Custom Instrumentation
Add application-specific spans for business logic:
Python Client
from opentelemetry import trace
from opentelemetry.trace import Status, StatusCode
import geode_client
# Get tracer
tracer = trace.get_tracer(__name__)
async def recommend_products(user_id):
# Create parent span for entire recommendation flow
with tracer.start_as_current_span("recommend_products") as span:
span.set_attribute("user_id", user_id)
span.set_attribute("algorithm", "collaborative_filtering")
try:
# Fetch user preferences (creates child span automatically)
with tracer.start_as_current_span("fetch_user_preferences"):
client = geode_client.open_database("localhost:3141")
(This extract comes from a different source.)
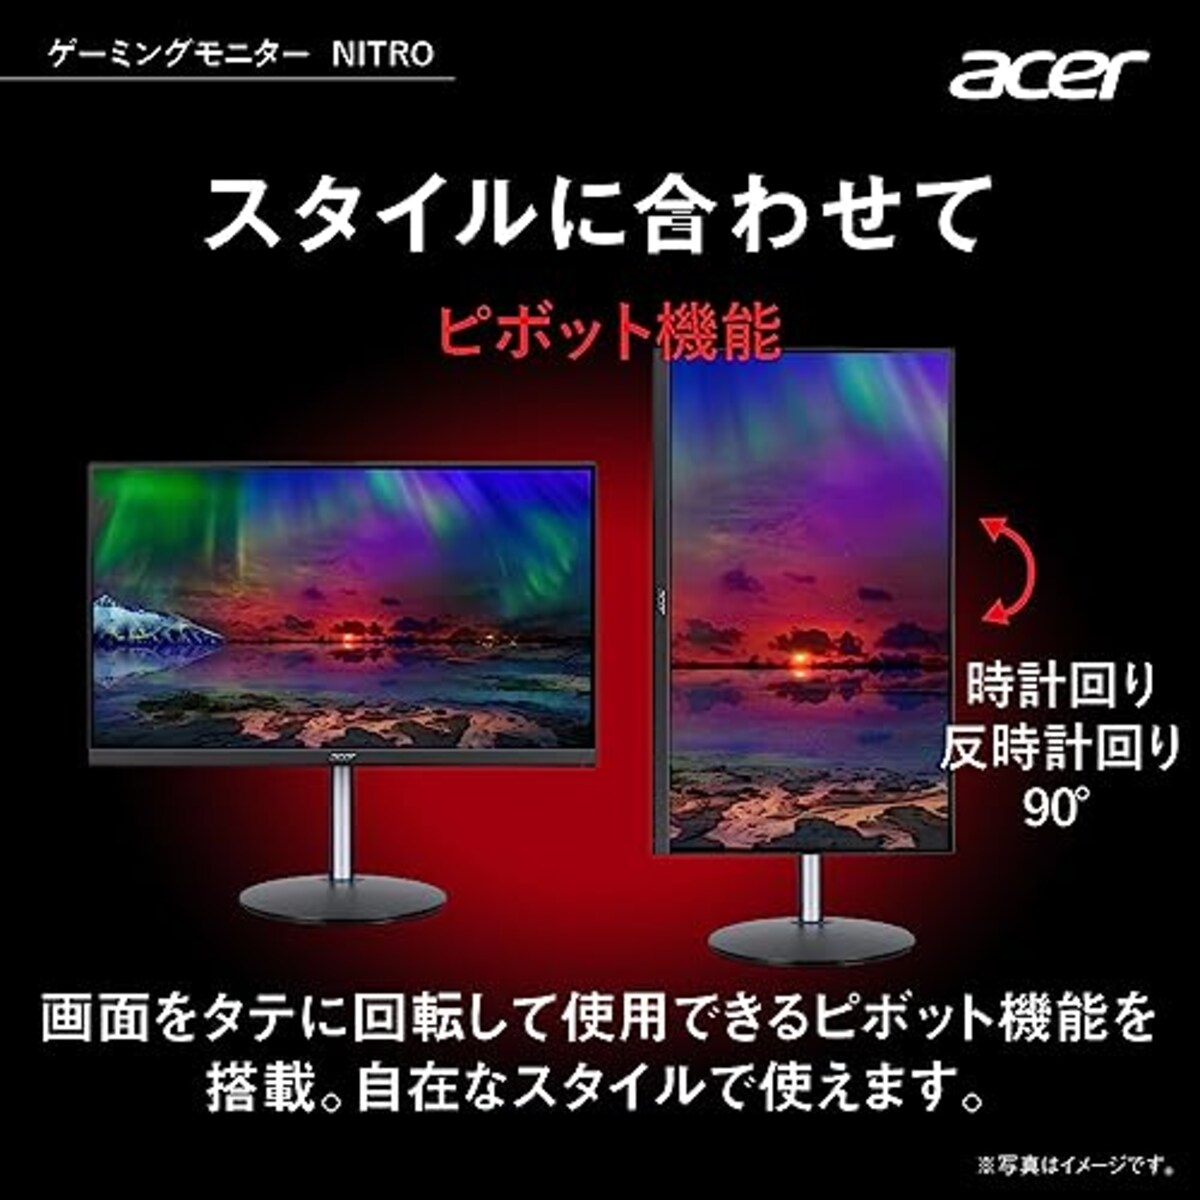  日本エイサー 【Amazon.co.jp限定】Acer Nitro ゲーミングモニター 23.8インチ VA 非光沢 フルHD 180Hz 1ms HDMI 2.0 DisplayPort VESAマウント対応 スピーカー内蔵 ヘッドホン端子 ピボット機能 高さ調整 XF243YS3bmiiprx PC/PS5/Xbox X/S向き画像4

preferences, _ = await client.query(
"MATCH (u:User {id: $id})-[:LIKES]->(p:Product) RETURN p",
{"id": user_id}
)
span.set_attribute("preferences_count", len(preferences))
# Find similar users
with tracer.start_as_current_span("find_similar_users") as sim_span:
similar_users, _ = await client.query("""
MATCH (u1:User {id: $id})-[:LIKES]->(p:Product)<-[:LIKES]-(u2:User)
WHERE u1 <> u2
RETURN u2, count(p) as common_likes
ORDER BY common_likes DESC
LIMIT 10
""", {"id": user_id})
sim_span.set_attribute("similar_users_found", len(similar_users))
# Generate recommendations
with tracer.start_as_current_span("generate_recommendations") as rec_span:
recommendations = await compute_recommendations(
preferences,
similar_users
)
rec_span.set_attribute("recommendations_count", len(recommendations))
# Add event to span
rec_span.add_event(
"recommendations_generated",
attributes={"algorithm_version": "2.1"}
)
# Mark span as successful
span.set_status(Status(StatusCode.OK))
return recommendations
except Exception as e:
# Record error in span
span.record_exception(e)
span.set_status(Status(StatusCode.ERROR, str(e)))
raise
Go Client
package main
import (
"context"
"go.opentelemetry.io/otel"
"go.opentelemetry.io/otel/attribute"
"go.opentelemetry.io/otel/trace"
"geodedb.com/geode"
)
var tracer = otel.Tracer("myapp")
func recommendProducts(ctx context.Context, userID int64) ([]Product, error) {
ctx, span := tracer.Start(ctx, "recommend_products")
defer span.End()
span.SetAttributes(
attribute.Int64("user_id", userID),
attribute.String("algorithm", "collaborative_filtering"),
)
// Fetch preferences
ctx, prefSpan := tracer.Start(ctx, "fetch_user_preferences")
preferences, err := db.Query(ctx, `
MATCH (u:User {id: $id})-[:LIKES]->(p:Product)
RETURN p
`, geode.Params{"id": userID})
if err != nil {
span.RecordError(err)
span.SetStatus(codes.Error, err.Error())
return nil, err
}
prefSpan.SetAttributes(attribute.Int("preferences_count", len(preferences)))
prefSpan.End()
// Generate recommendations
ctx, recSpan := tracer.Start(ctx, "generate_recommendations")
recommendations := computeRecommendations(preferences)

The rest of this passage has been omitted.